А на самом краешке миски, словно червячок, одиноко повисла лапша. Белая, печальная такая. А Нина подперла щеку кулачком и смотрит мимо меня. А в зеленых ее глазах я вижу окно барака. А за ним — зеленые сумерки настают.

— А здесь даже выстрелов не слышно, — говорит Нина, — только раз бомбили.

— Послушай, Нина, — говорю я, — ну, хочешь, я буду письма тебе писать? Просто так. Как мы там живем… А то ведь пропадешь ты. Где тебя искать-то потом?

Дурочка она какая! Неужели она не понимает? Что я, соблазнитель какой-нибудь, что ли?.. Война. Это ведь не Женя. Там все казалось, казалось. А это ведь настоящее. Неужели она не видит? Я теперь понимаю все. Вот дурочка…

— Что ж ты думаешь, я — как другие? Хочешь, докажу? Хочешь, при тебе сейчас домой напишу про все. Сама отправишь…

Черноусый Федя все смотрит на меня. Делать ему нечего, что ли?

— Вот и опять у нас с тобой свидание… да?

— И когда война кончится, мы поедем вместе…

— Прямо посередке войны у нас с тобой свидание. Вот только мороженым не торгуют. Федя, — говорит она, — нет ли у тебя мороженого?

— Для вас, Ниночка, все есть, — говорит Федя, — только оно у нас горячее. В виде кипяточка.

— Я когда до войны гулять ходила, всегда мне кавалеры мороженое покупали. А один был такой — не купил. Я его быстренько разогнала… А у нас в городе парк был…

— Нина, скоро мне ехать.

— Жалко мне тебя, — говорит она, — тебе не воевать надо. Много ты навоюешь, а? Только не сердись, не сердись. Это я ведь не к тому, что не можешь. Просто зачем это тебе, да?

— А тебе?

— А мне уж и подавно. Вот Федя в ресторане работал. Ресторан «Поплавок». Да, Федя? Отбивные готовил. Салаты…

— Мне ведь уезжать, — говорю я, — ты скажи, напишешь мне? Мне ведь легче жить будет.

— Напишу, — говорит она, — напишу.

Мы идем к выходу. Позвякивает ложка в котелке.

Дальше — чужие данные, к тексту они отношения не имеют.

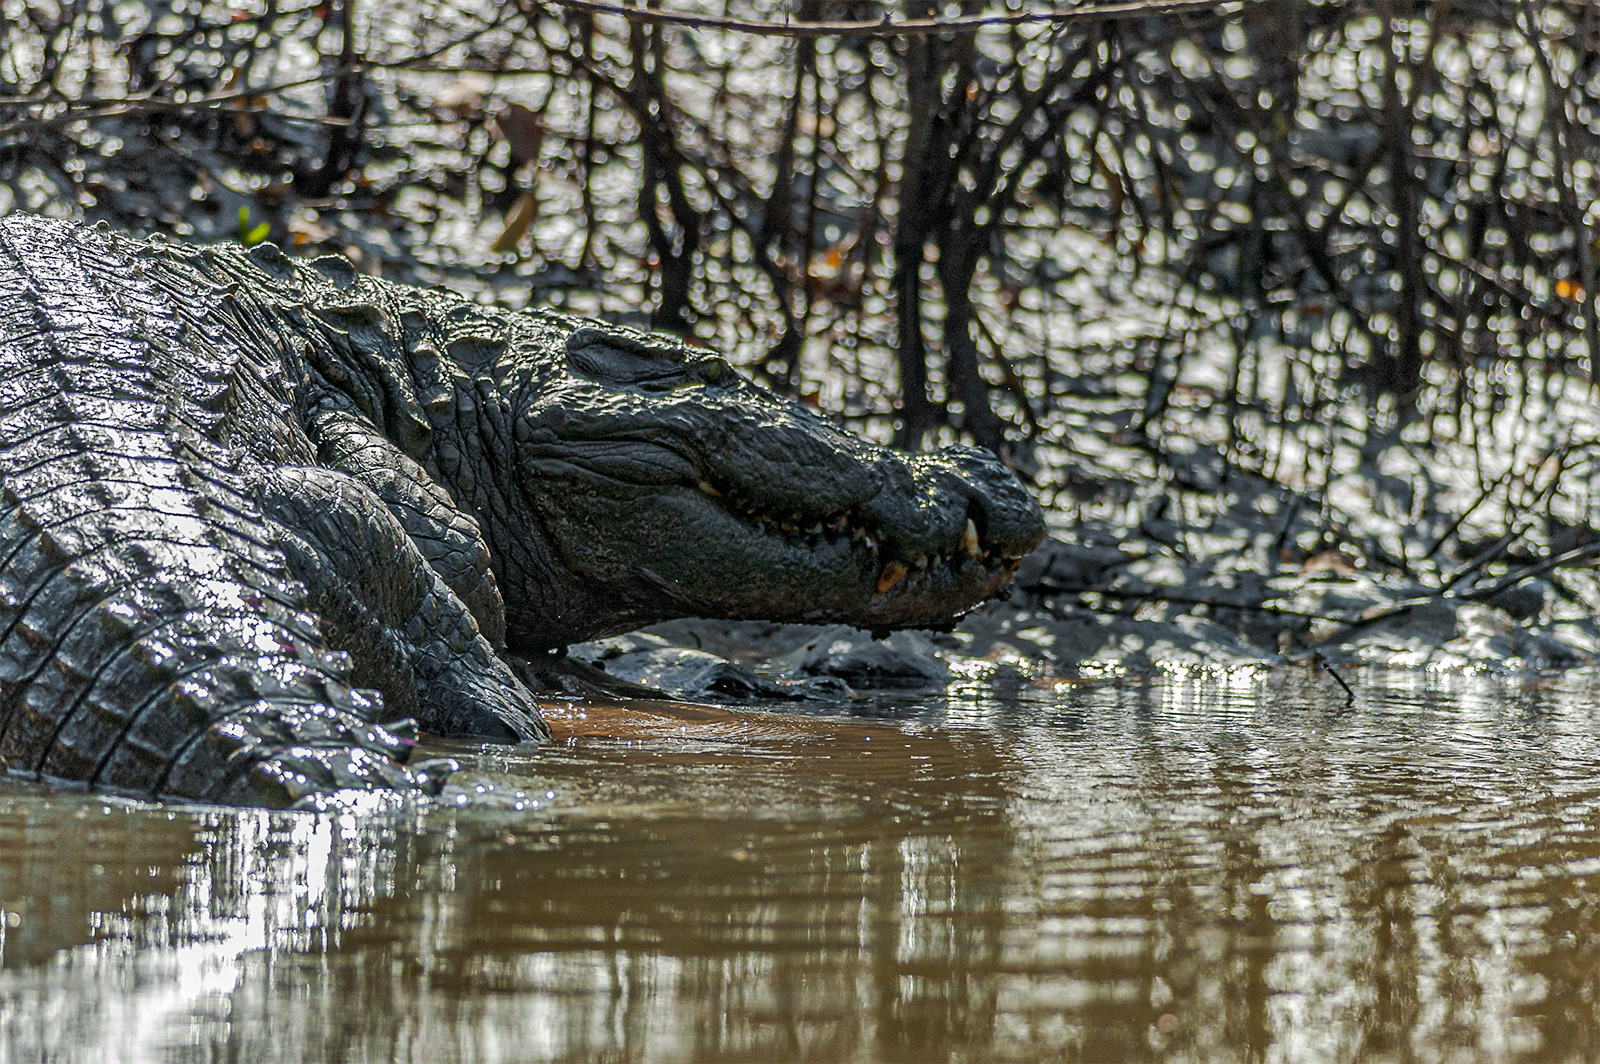 Fresh water crocodile in Cumbarjua Canal, Goa 2006.

— Послушай, Нина, а тот майор, он что…

— Тот?

— Да, тот…

— О, ты его заприметил.

Мы снова останавливаемся у самой двери. Она стоит рядом со мной. Совсем рядом.

Какая она все-таки маленькая, хрупкая, тоненькая. Какая она беззащитная. Я возьму ее за плечи, за круглые ее плечи… Я поглажу ее голову ладонью. Пусть она не объясняет. Я не хотел спрашивать, не хотел…

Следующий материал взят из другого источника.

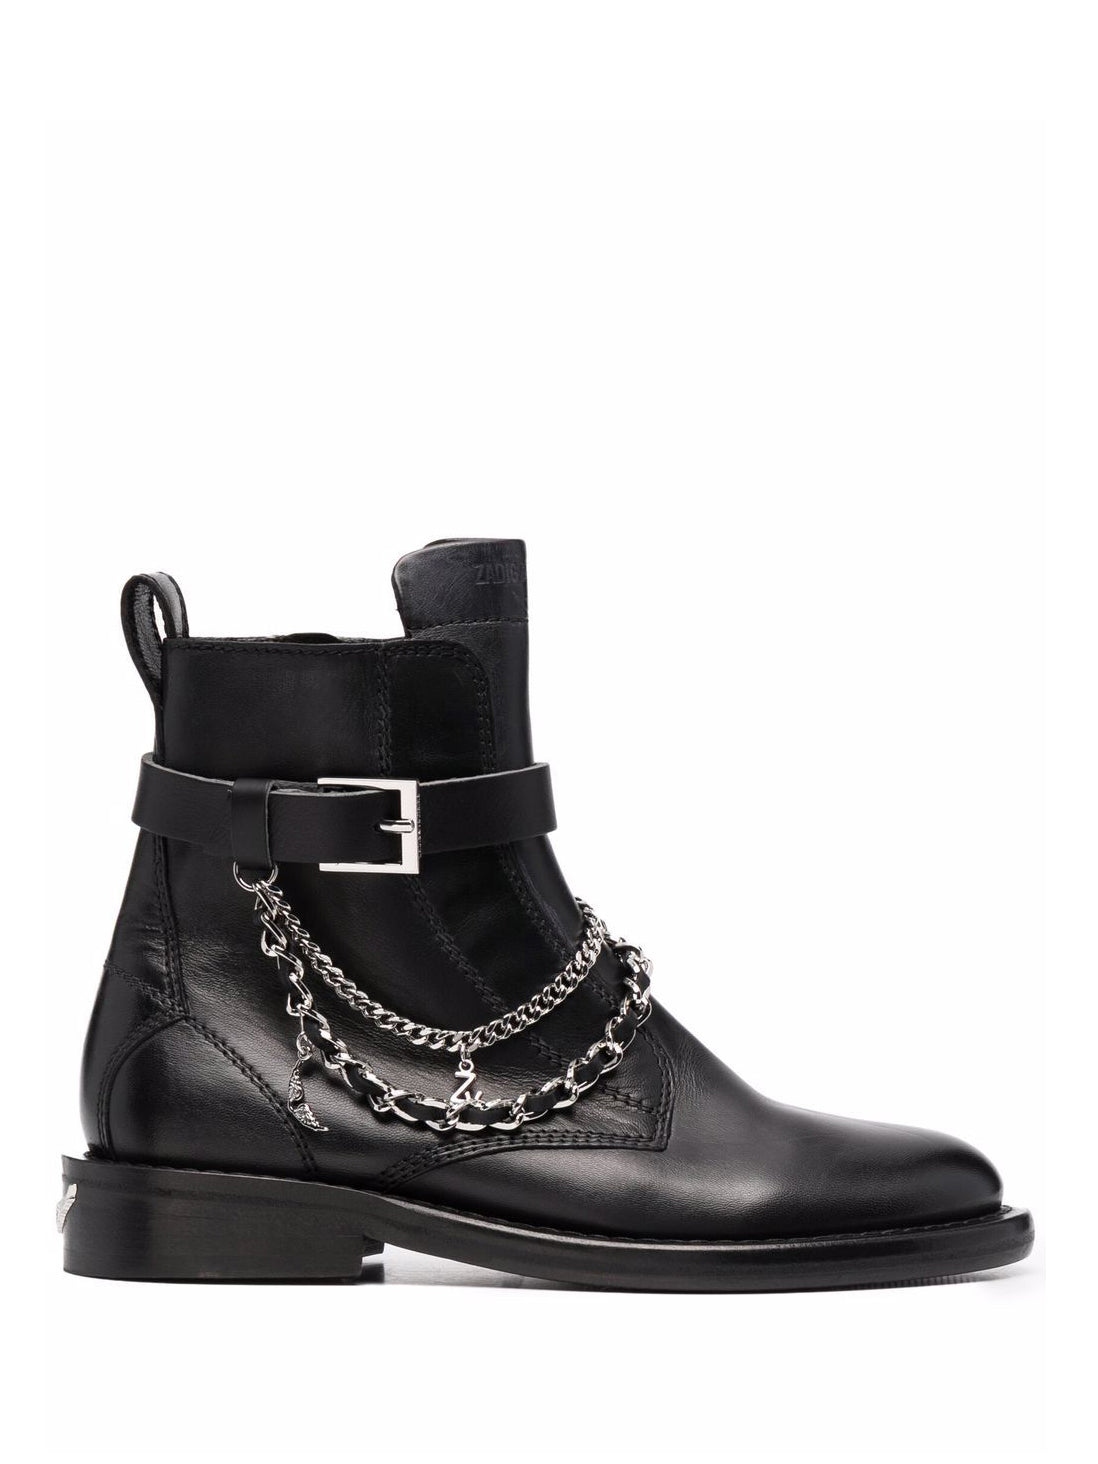 ZADIG & VOLTAIRE: Laureen high silk lambskin boots, black

— Ты что, жалеешь меня, да?

— Нет, только и ты меня не жалей, Нина.

— А что ж ты дальше-то делать будешь?

— Буду ждать писем твоих.

— А если не дождешься? Всякое ведь бывает…

— Дождусь. Ты ведь обещала.

— Зачем тебе это, глупый?..

Глупый я, глупый. Что-то я не так сказал. Не о том говорил.

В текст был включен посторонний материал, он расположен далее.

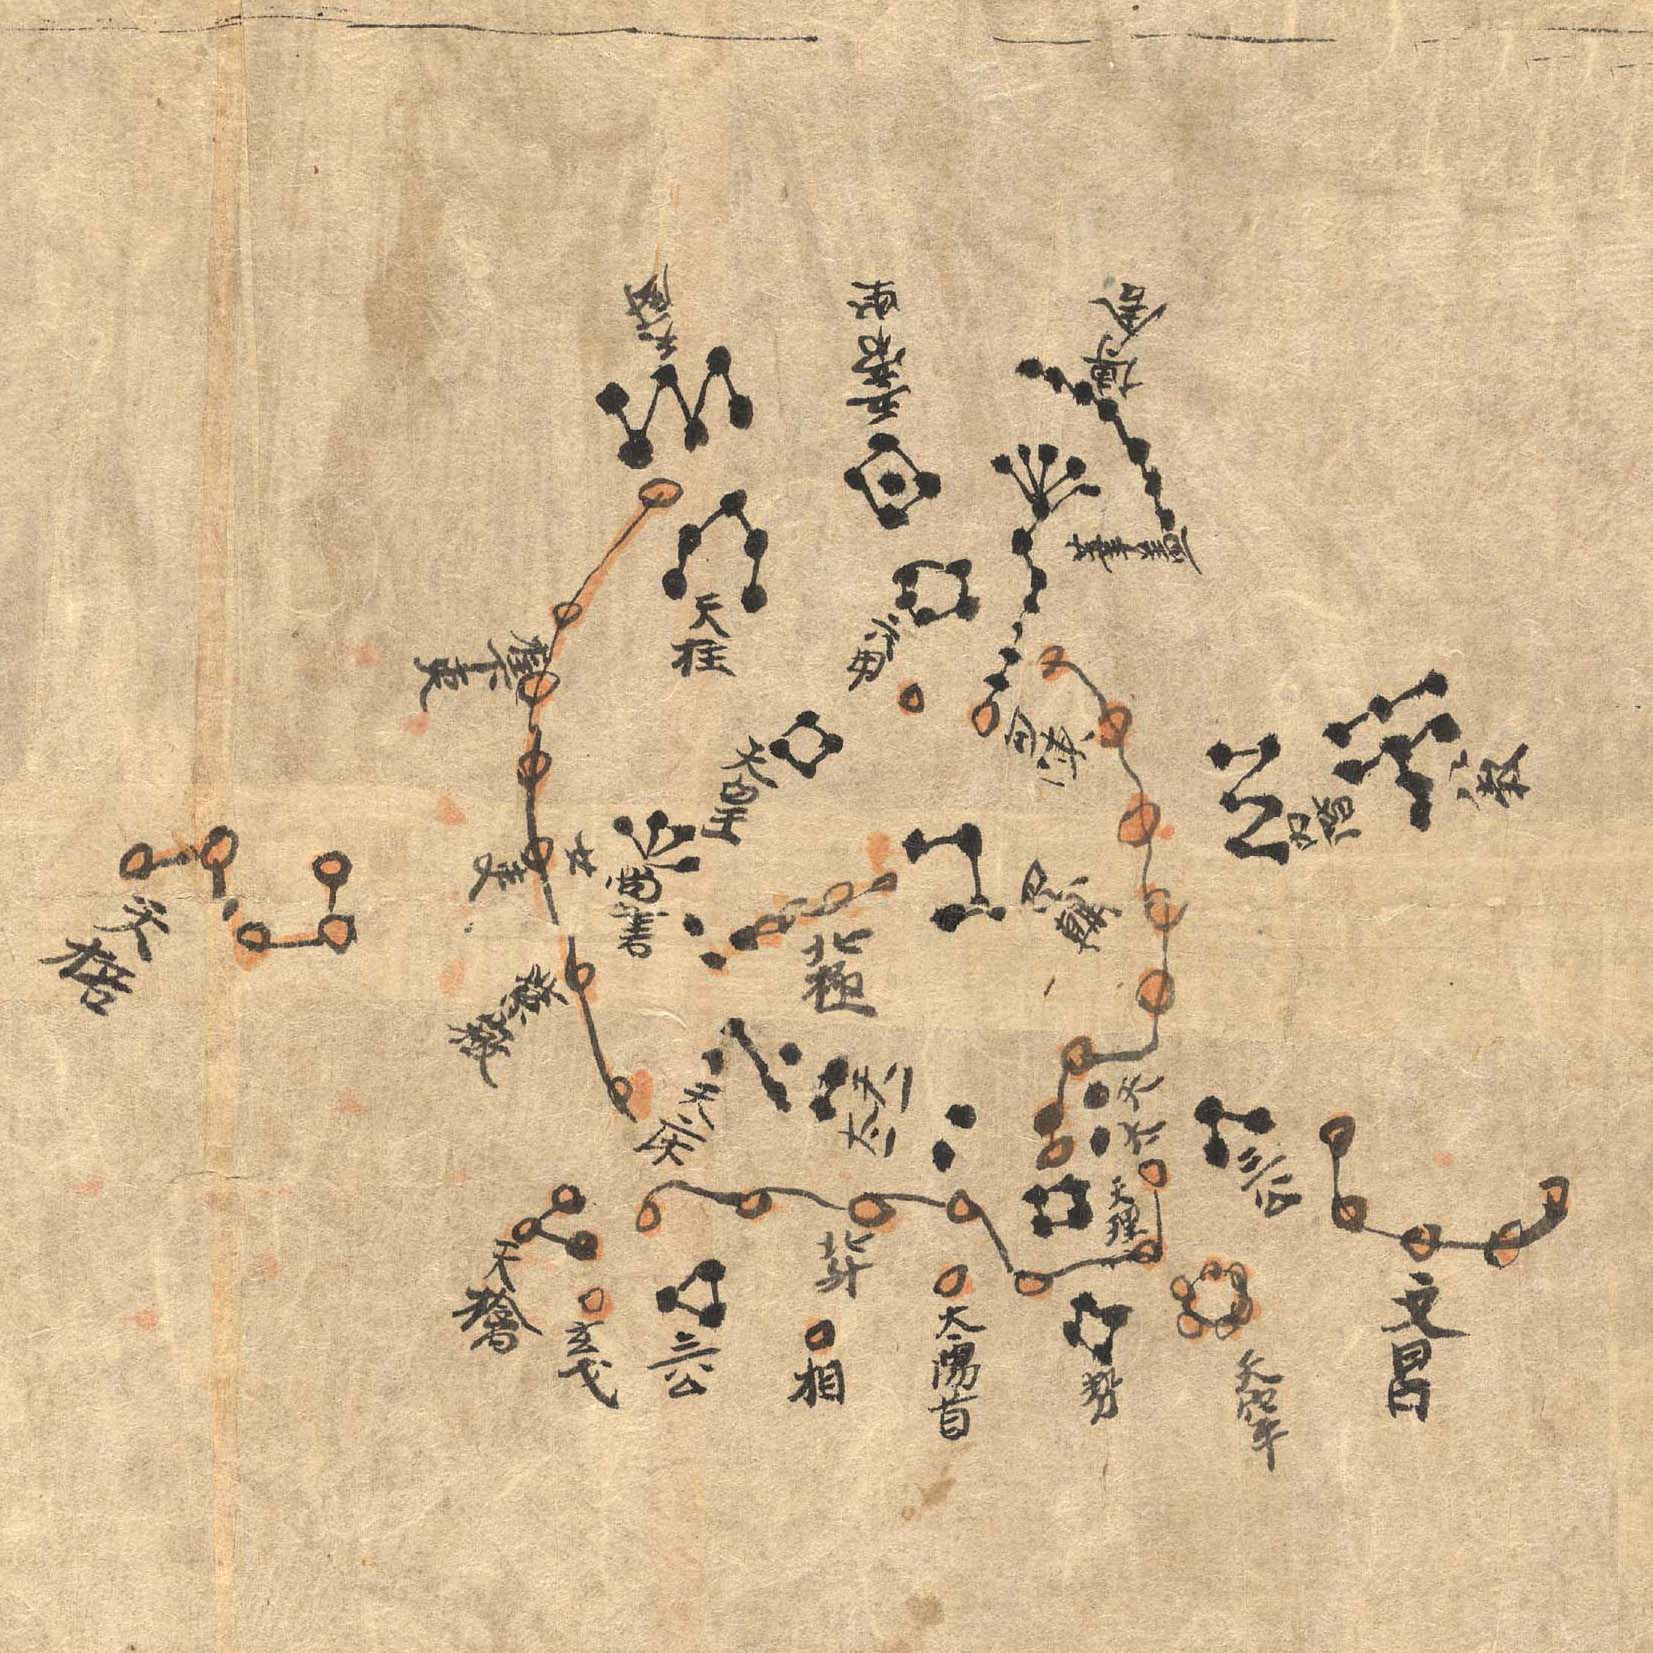 Dunhuang Star Atlas

— Вот у тебя крошка хлебная на щеке, — говорю я.

Она смеется. Смахивает крошку.

— Пора идти нам с тобой. Хватятся тебя.

— Пусть хватятся, — говорю я. — Пусть хватятся. Семь бед — один ответ.

— Смелый ты у меня какой, — смеется она. И проводит ладонью по моей голове.

Мы выходим в тамбур. Я касаюсь ее плеча. Она отводит мою руку. Очень ласково отводит.

— Не надо, — говорит она, — так лучше.

И целует меня в лоб. И бежит в начавшуюся метель.

…У штаба дивизии стоит бронетранспортер. Сашка ходит вокруг. Разглядывает.

— Сейчас поедем, — говорит он.

Потеха

Бронетранспортер — очень удобная машина. Он словно серый жук. Он всюду пройдет, отовсюду вылезет. В нем уютно. Тепло. Печка электрическая работает. Можно даже поспать на ходу.

Я не сплю. Я подремываю. Что будет к вечеру, когда мы догоним свою батарею?

Может быть, будет тяжелый бой? Может быть, никого мы уже не застанем… Вот приедем на место, буду ждать писем от Нины… А Сашка спит. По-настоящему. А Карпов сидит рядом с водителем и не то спит, не то просто уставился неподвижно в разбитую дорогу.

…А старшина привез сапоги. А если мне не достанется?..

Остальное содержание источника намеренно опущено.